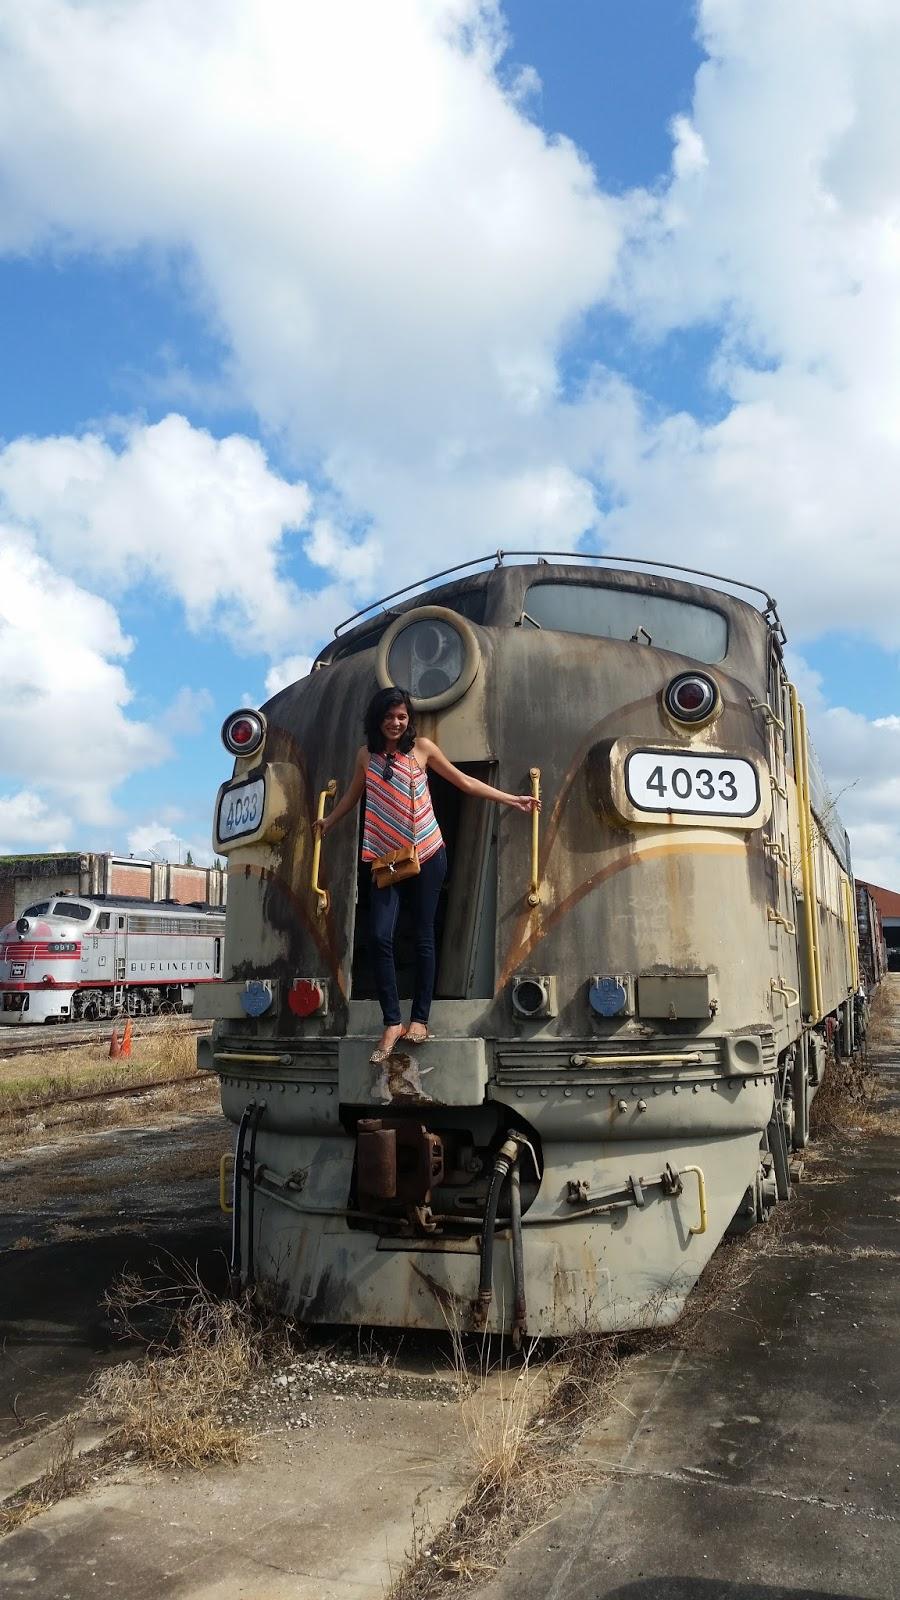 Brownsey Family: Miami Train Junkyard
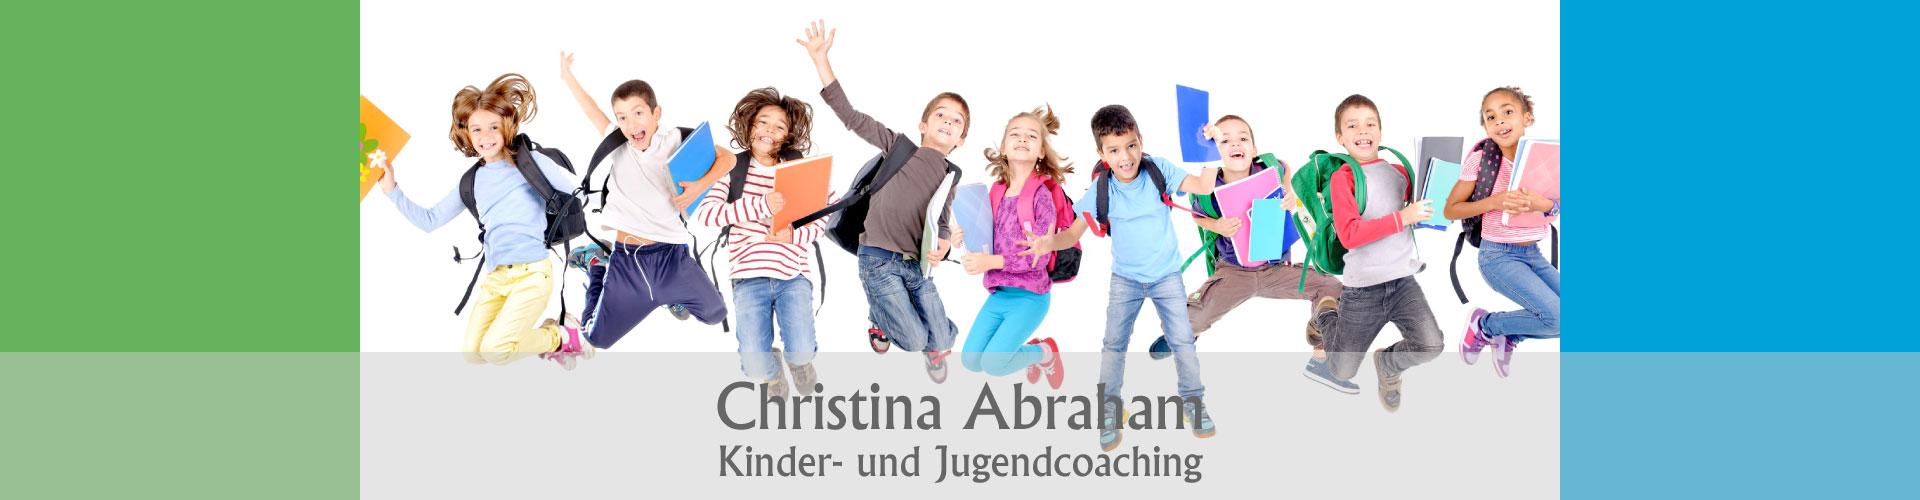 Kindercoaching Christina Abraham
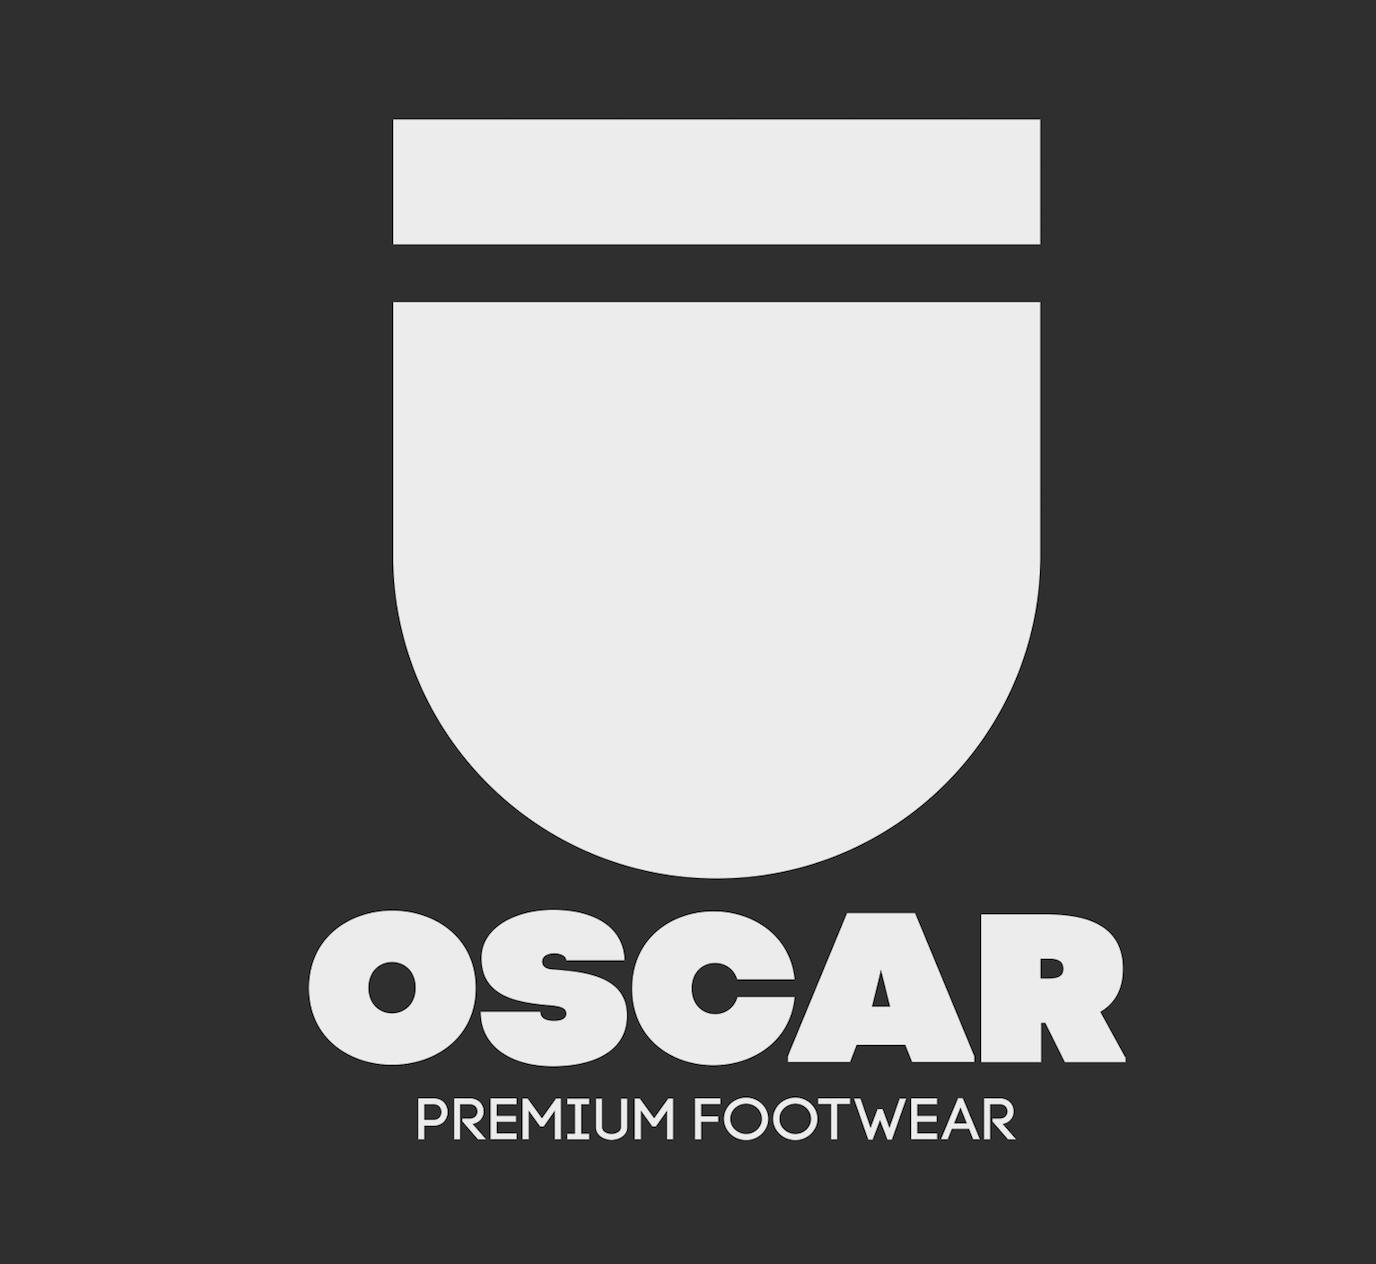 oscar_logo
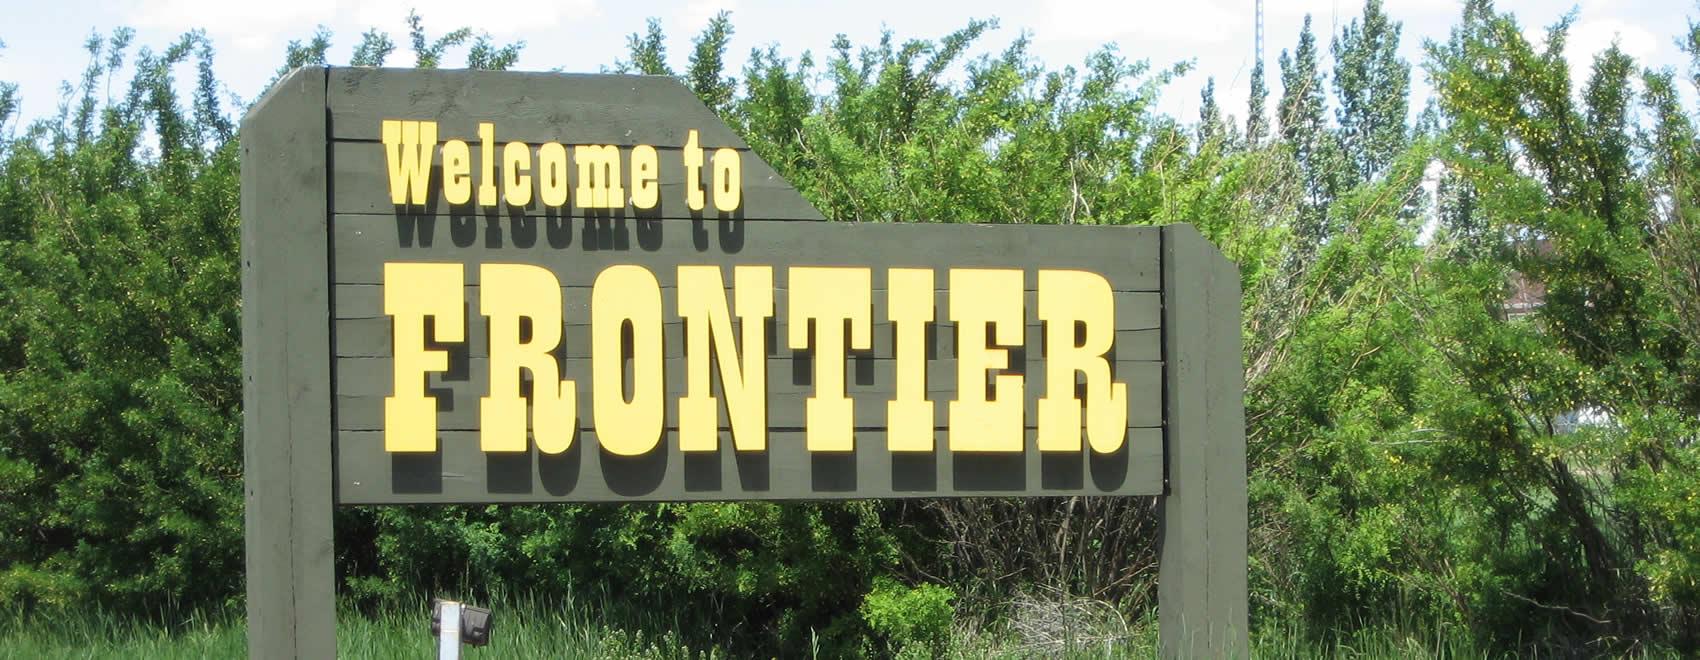 Village of Frontier

■ ■ ■

Retype all the data exactly. Omit pictures.

 Brownsey Family: Miami Train Junkyard
 Kindercoaching Christina Abraham
 oscar_logo
 Village of Frontier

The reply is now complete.